A equipe suspeita que a galáxia continuou crescendo ao longo dos últimos 9 bilhões de anos, ganhando estrelas e matéria escura ao canibalizar galáxias vizinhas. Os estudos recentes sugerem que estas galáxias massivas ganham mais matéria escura que estrelas à medida que continuam a crescer. Os astrônomos tinham assumido que a matéria escura e a matéria normal acumulavam-se igualmente numa galáxia ao longo do tempo, mas sabemos agora que a proporção de matéria escura para matéria normal muda com o tempo. Esta galáxia recém-descoberta vai eventualmente tornar-se muito mais massiva que a Via Láctea e terá também mais matéria escura.

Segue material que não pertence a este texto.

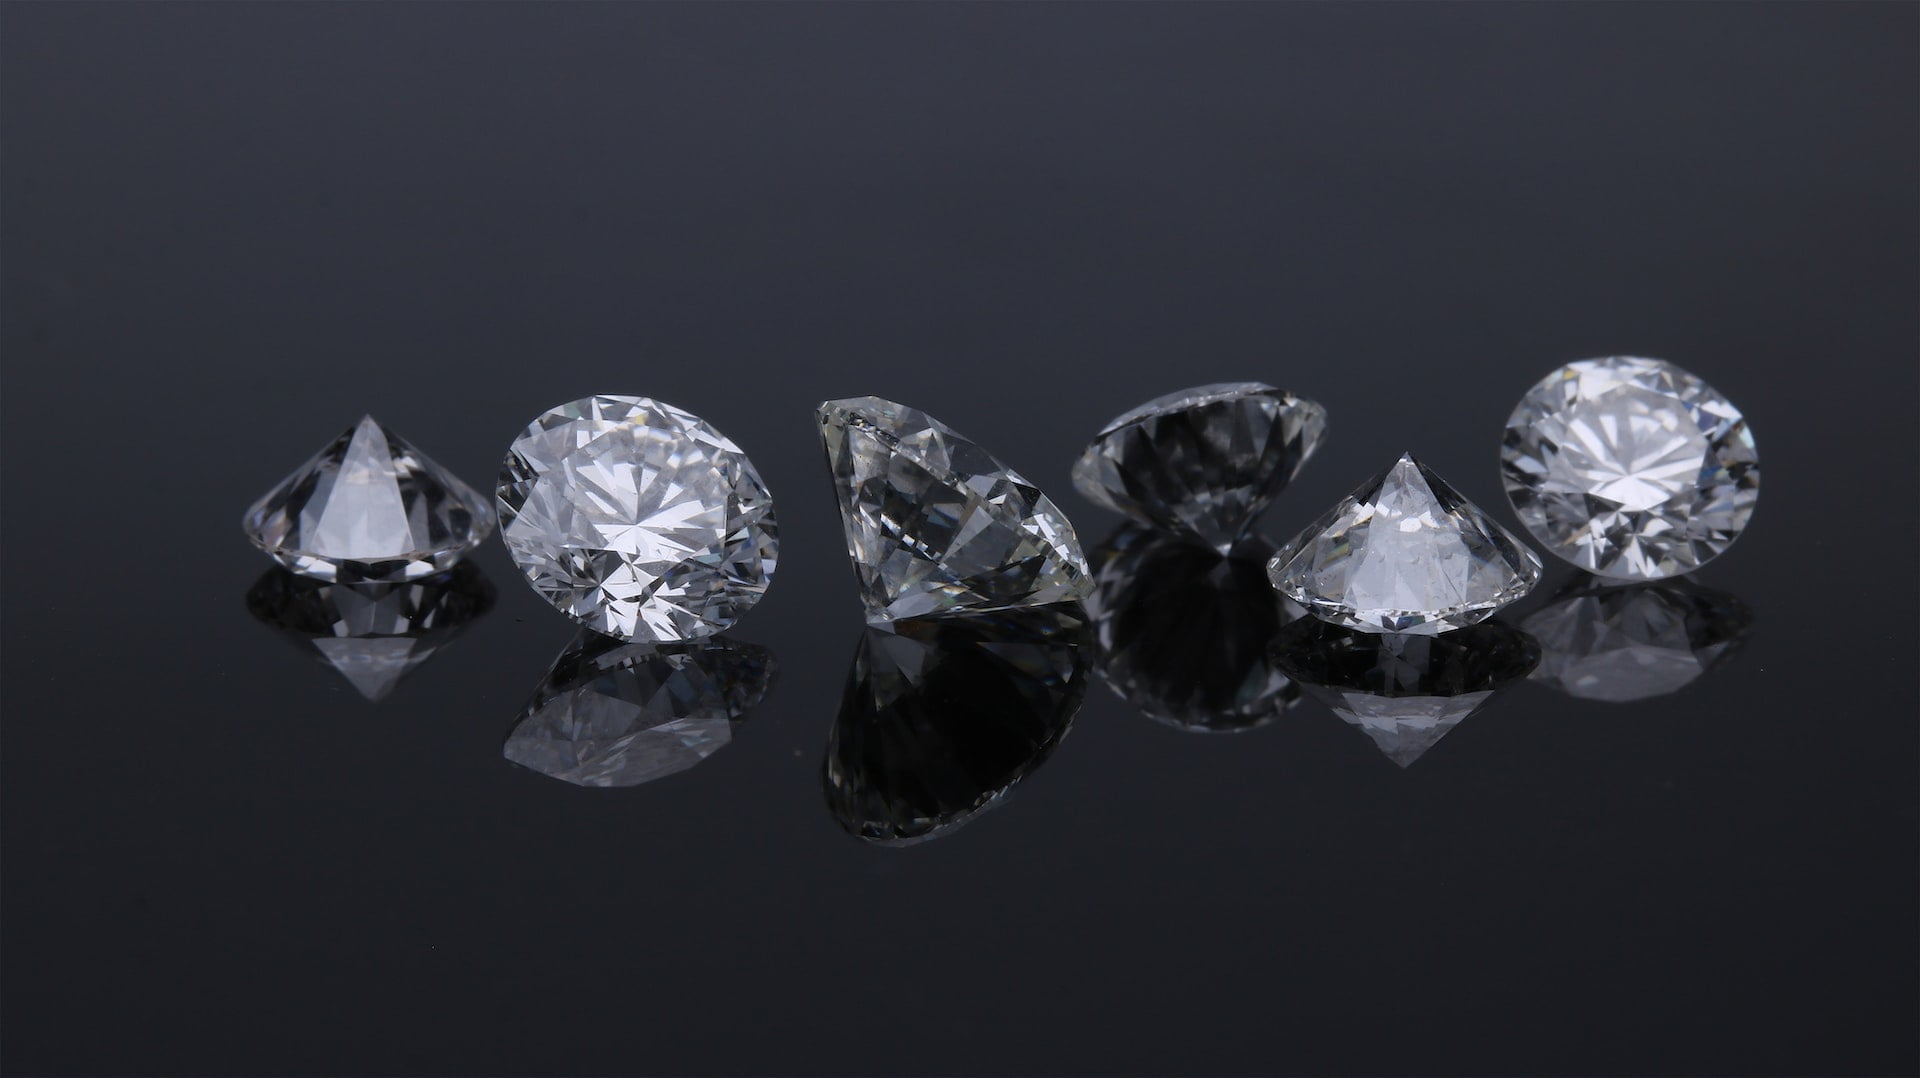 6 "ethical diamonds" on a black background

Tran e a sua equipe estavam estudando a formação estelar em dois aglomerados de galáxias distantes, incluindo IRC 0218, quando se depararam com a lente gravitacional. Enquanto analisava dados espectrográficos do Observatório W. M. Keck no Havaí, Tran avistou uma forte detecção de hidrogênio gasoso quente que parecia surgir de uma galáxia elíptica gigante e distante. A detecção foi surpreendente porque o hidrogênio gasoso e quente é uma assinatura clara de nascimento estelar. As observações anteriores mostraram que a gigante elíptica, que residia no aglomerado galáctico IRC 0128, era uma galáxia velha e calma, que tinha parado de fabricar estrelas há muito tempo atrás. Outra descoberta intrigante foi que as jovens estrelas estavam muito mais distantes do que a galáxia elíptica. Tran ficou muito surpreendida e preocupada, e pensou que a sua equipe tinha feito um grande erro com as suas observações.
A astrônoma logo percebeu que não tinha cometido um erro quando estudou imagens do Hubble obtidas em comprimentos de onda azul, que revelou o brilho das estrelas incipientes. As imagens, obtidas com a câmara ACS (Advanced Camera for Surveys) e WFC3 (Wide Field Camera 3) do Hubble, revelaram um objeto azul e com a forma de uma sobrancelha perto de um ponto azul manchado ao redor da elíptica gigante. Tran reconheceu as características invulgares como as imagens ampliadas e distorcidas de uma galáxia ainda mais distante por trás da galáxia elíptica, a assinatura de uma lente gravitacional.
Para confirmar a sua hipótese de lente gravitacional, a equipe analisou dados de arquivo de dois programas de observação do Hubble, o 3D-HST, um estudo espectroscópico perto do infravermelho com o instrumento WFC3, e o CANDELS (Cosmic Assembly Near-infrared Deep Extragalactic Legacy Survey), um grande programa de céu profundo do Hubble. Os dados mostraram outra impressão digital de gás quente ligado à galáxia mais distante.
A galáxia distante é demasiado pequena e longínqua para o Hubble determinar a sua estrutura. Por isso, foi analisada a distribuição de luz no objeto para inferir a sua forma espiral. Além disso, as galáxias espirais são mais abundantes durante estes primeiros tempos. As imagens do Hubble também revelaram pelo menos uma região compacta e brilhante perto do centro. A equipe suspeita que a região brilhante é devido a uma onda de formação estelar e é provavelmente constituída por hidrogênio gasoso, aquecido pelas estrelas jovens e massivas. À medida que o grupo de pesquisadores continua o seu estudo de formação estelar em aglomerados galácticos, estará à procura de mais assinaturas de lentes gravitacionais.
Os resultados da equipe foram publicados na edição de 10 de Julho da revista The Astrophysical Journal Letters.